No nuclear agreement has more onerous EIF provisions than the CTBT, which attests to the reluctance of the P-5 to accept what President Bill Clinton called "the longest-sought, hardest-fought prize in arms control history." By comparison, the Chemical Weapons Convention required the deposit of 65 instruments of ratification, and the NPT simply required the deposit of instruments of ratification by the United Kingdom, United States, and USSR, along with 40 other countries. Securing comparable EIF procedures for the CTBT and avoiding the treaty's extended limbo would have required Clinton's strenuous, early, and sustained efforts. Instead, Clinton put off consideration of EIF provisions until the very end of negotiations, when he succeeded in convincing British Prime Minister John Major to be more flexible. Then, instead of making other phone calls, Clinton quickly threw in the towel. The hour was late, and the time had come, in the view of the president and his advisers, to orchestrate a treaty signing ceremony at the United Nations.
The P-5 signed the CTBT on September 24, 1996, thereby incurring the obligation under international law not to undercut the treaty's objectives and purposes pending its entry into force or until renunciation of their treaty commitments. Two of the five, China and the United States, have yet to deposit their instruments of ratification. The Senate refused to consent to ratification in 1999-a sad tale recounted below-and China's legislature continues to consider this matter at a snail-like pace.
Even if Washington and Beijing were to join the 144 other capitals that have ratified the CTBT, other prominent holdouts may not follow suit. Despite the international community's best efforts, India and Pakistan refused to sign the treaty after testing nuclear devices. This reluctance either reflects lingering domestic constraints against doing so, the intention to test again after a suitable interval, or both. Other holdouts, which include Egypt, Iran, and Israel, as well as North Korea, which broke a global moratorium on nuclear testing that had lasted for eight and a half years after the Indian and Pakistani tests, may be expected to seek inducements and conditions that the EIF procedures invite. Rarely in the history of nuclear negotiations has a provision ostensibly designed to rope in stragglers given them so much bargaining leverage or mischief-making potential.
The CTBT and the Indian and Pakistani Tests
Many Indian supporters of the CTBT argued that it would help reduce the shadow cast by nuclear weapons over international politics, thereby advancing India's long-standing goal of nuclear abolition. This and other arguments fell on deaf ears. India's test of a nuclear device in 1974 was more of a physics experiment than a workable bomb design, and India's nuclear enclave was chafing at the bit. If ever there was a juncture to break free of New Delhi's decades-long ambivalence regarding nuclear weapons, it was, paradoxically, at a time of progress to prevent proliferation and to end nuclear testing permanently. The timing of India's decision to test depended on the election of a coalition government led by a party with enough nerve to break out of this box. That government took office in March 1998, led by the Bharatiya Janata Party's (BJP) two most senior politicians, Prime Minister Atal Bihari Vajpayee and Deputy Prime Minister L.K. Advani. When India finally decided to test, it was almost a foregone conclusion that Pakistan would follow suit.

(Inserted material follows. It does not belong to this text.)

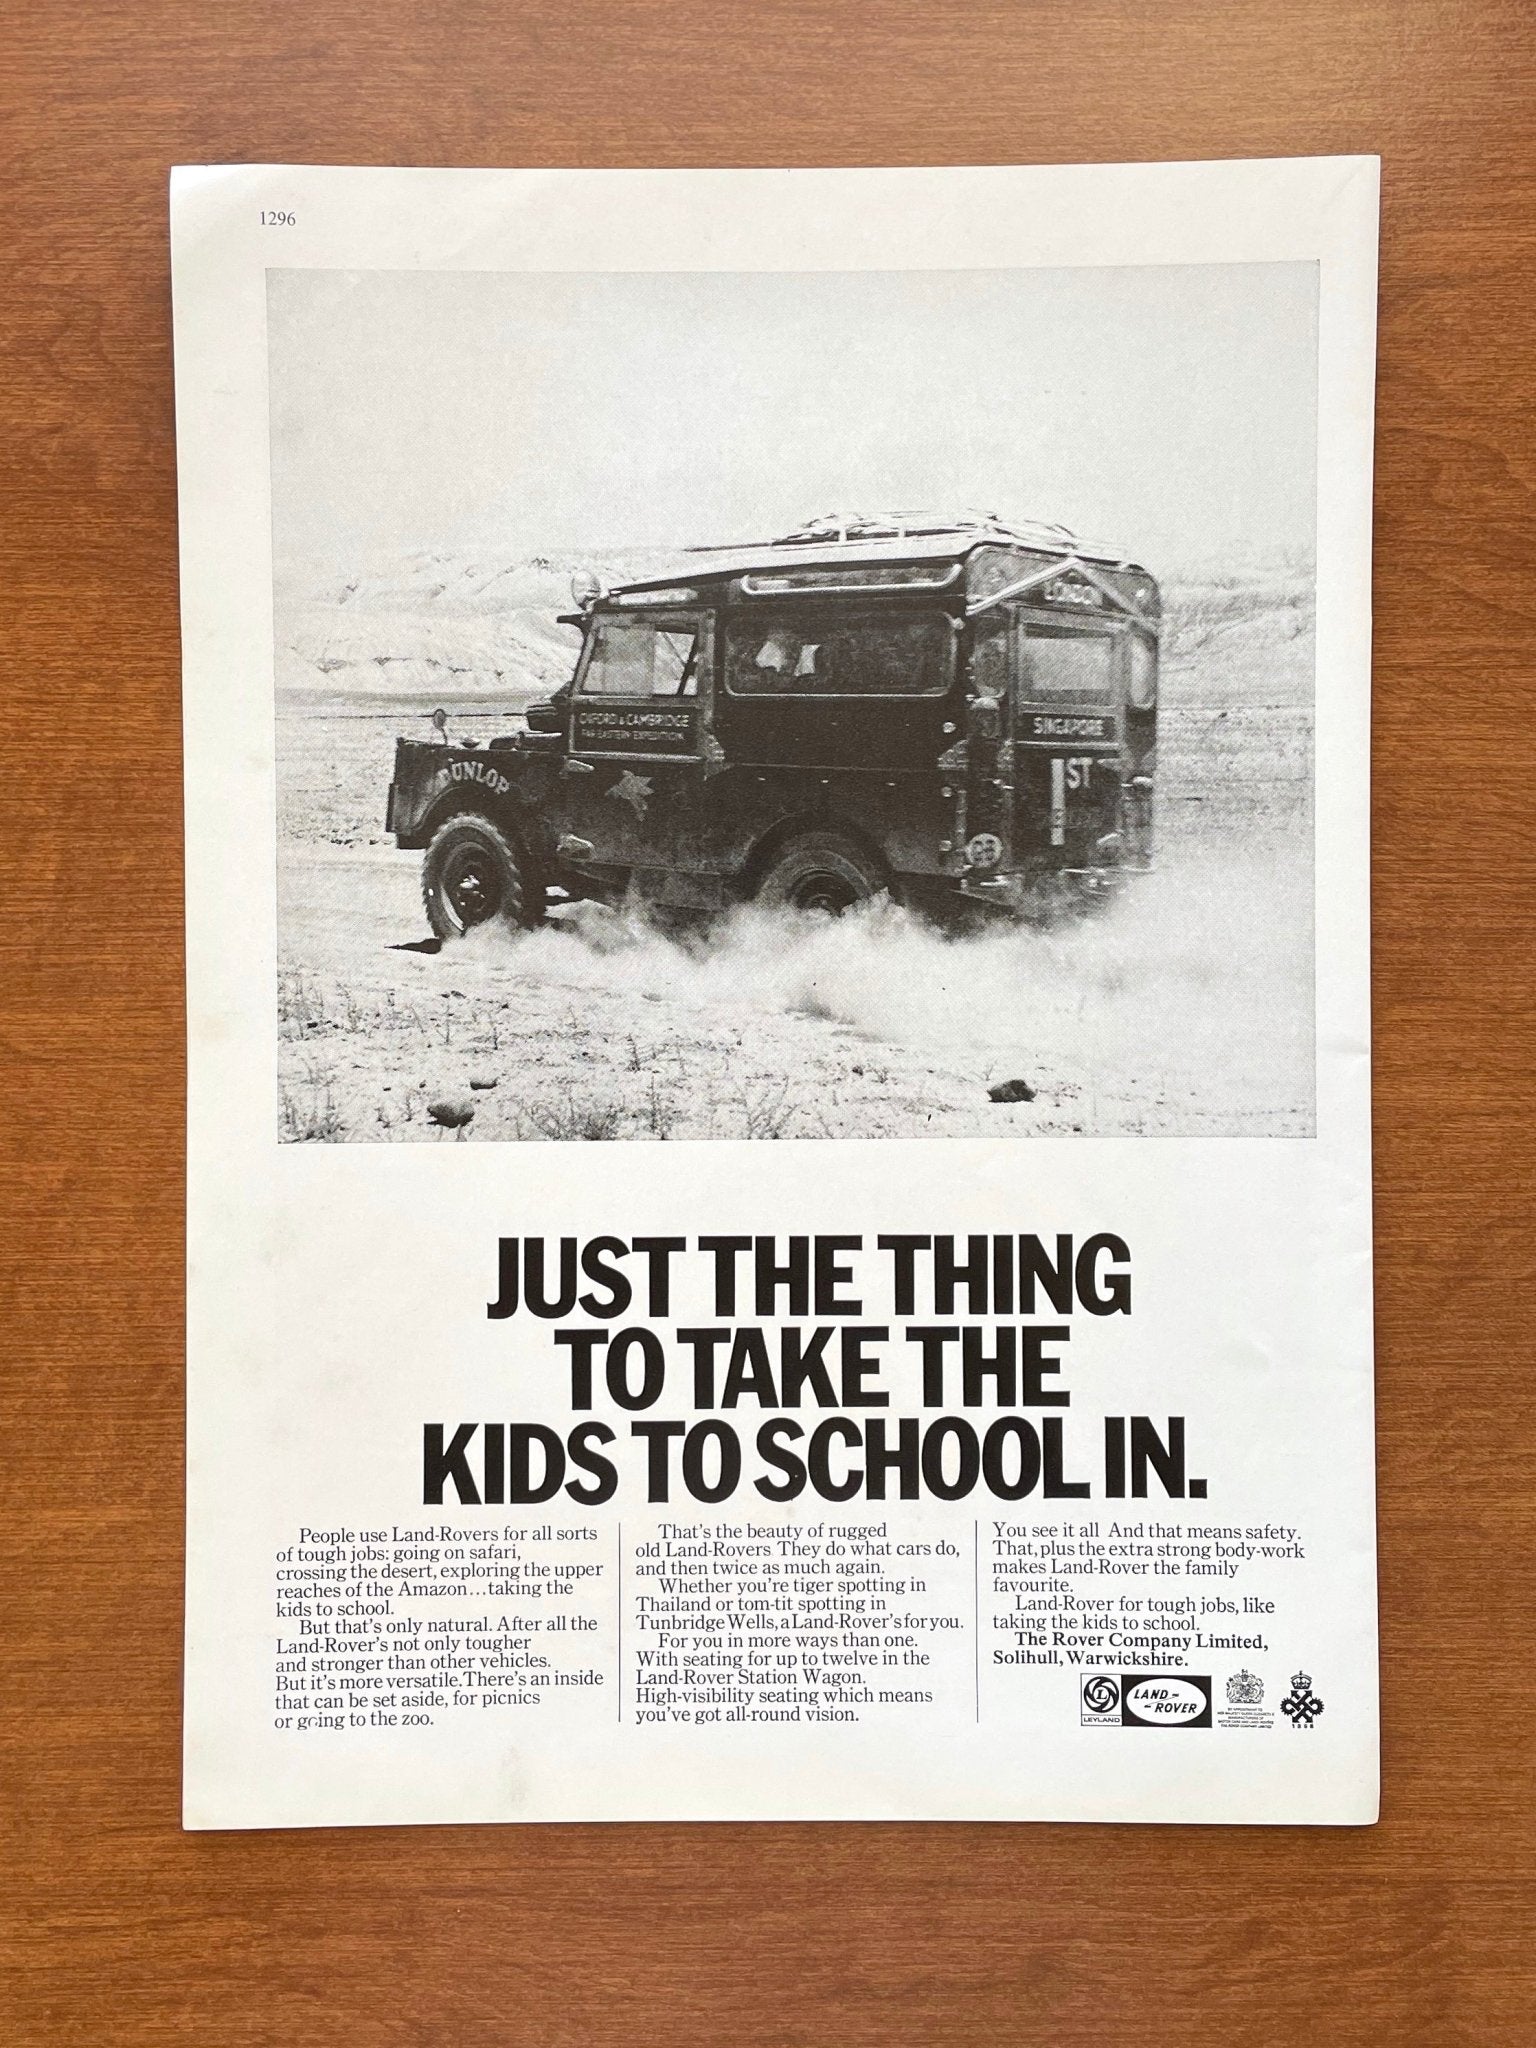 1968 Land Rover Series II "Take The Kids To School In." Advertisement

Predictably, instead of tying New Delhi's hands, the EIF clause became a source of indignation across the domestic political spectrum, a powerful consensus-builder to reject any constraints on India's nuclear options sought by outside powers. As anticipated, the Pakistani government welcomed the disapprobation placed on India for withdrawing support for the CTBT and waited in the shadows for New Delhi's eventual decision to accept even more heat by testing nuclear devices. When New Delhi obliged on May 11 and 13, no inducements or penalties the United States and other capitals could identify were powerful enough to prevent Pakistan from following suit. Just to make sure that Pakistan would reject U.S. offers and to prevent India from being singled out for international pressure, Advani issued a thinly veiled public threat to the effect that now that New Delhi possessed the bomb, its neighbor should watch its step in Kashmir. Pakistan tested its nuclear devices on May 28. The exact number of tests conducted on the subcontinent in May 1998 remains in doubt because several devices were tested simultaneously and because Pakistan may have inflated its number of tests for political reasons.
After the Tests
Immediately after New Delhi inaugurated this round of testing, the Clinton administration made an intense effort to threaten international isolation unless the governments of India and Pakistan signed the CTBT and took other steps to reduce nuclear dangers. The point man for the Clinton administration was Deputy Secretary of State Strobe Talbott. His opposite number was Jaswant Singh, a confidant of Vajpayee who was later appointed external affairs minister in December 1998. Talbott quickly came to the conclusion that little would result from his dialogue with Pakistan unless he could first gain traction in India.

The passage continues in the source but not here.